Asbury’s simple message
Francis Asbury began to read the Bible when he was six years old. At the age of fourteen, he began to study the message of the Wesleys, which he “cherished with the warmest affection.”
Asbury never aspired to become a professional theologian or a polished academic. He wanted only to pass on to his generation the faith “once for all entrusted to the saints” (Jude 1:3). Ezekiel Cooper, delivering Asbury’s funeral sermon, said that Asbury had found his doctrines in the Bible, the Methodist articles of religion, and the Apostles’ Creed. Asbury’s message emphasized four essentials:
All can be saved. All groups that follow the theology of the Wesleys champion the belief that God wants no one to perish, but all to come to repentance, trust in Christ, and enter God’s kingdom: Christ’s atonement is not for some, but for all. A prominent Methodist saying is, “Free salvation for all people, and full salvation from all sin.”

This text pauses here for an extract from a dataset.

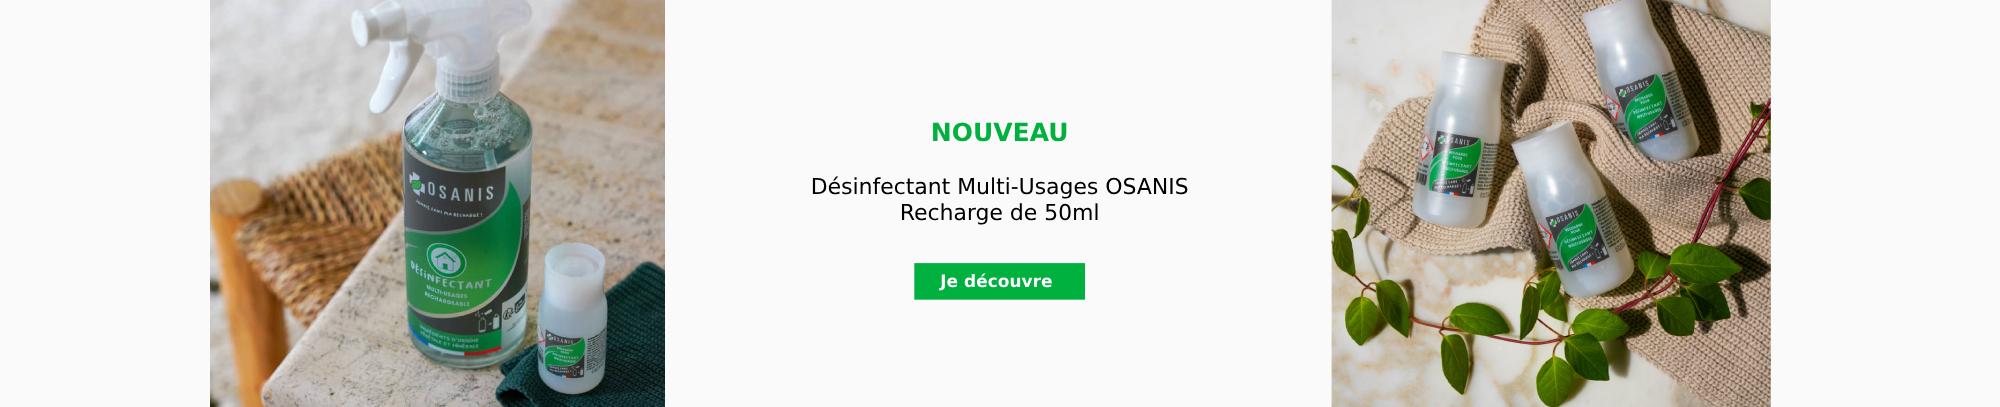 Nouveau : Désinfectant Multi-Usages OSANIS - Recharge De 50ml

The Holy Spirit witnesses assurance to the believer. Asbury preached that the presence of the Holy Spirit gives Christ’s followers assurance of eternal life. The objective nature of that assurance rests on biblical promises that God will save all who turn to him. The subjective aspect comes from the Holy Spirit’s inner witness to human spirits (Rom. 8:16).
Christians can be free from sin’s guilt and grip. Asbury insisted that God both forgives the presence of sin and frees from the power of sin, noting, “the testimony of the ministry [is] holiness of life.” He wrote in his journal on January 9, 1814, “I am divinely impressed with a charge to preach sanctification in every sermon.”
We move from inward change to outward service. Asbury preached that God summons all Christians to minister to the souls, minds, and bodies of others. He helped establish academies to educate young people, supported the publication of “suitable literature,” urged the end of slavery, opposed the manufacture and sale of “spirituous liquors,” fostered Christian cooperation, and provided relief for the destitute. But he believed that the greatest social benefit that Christianity offers is new life in Christ.
Asbury had neither the time nor the inclination to delve into complicated theological issues. But his personal example and institutional leadership inspired Methodists “to reform the continent, and spread scriptural holiness over these lands.” His message helped countless souls experience the transforming grace of God.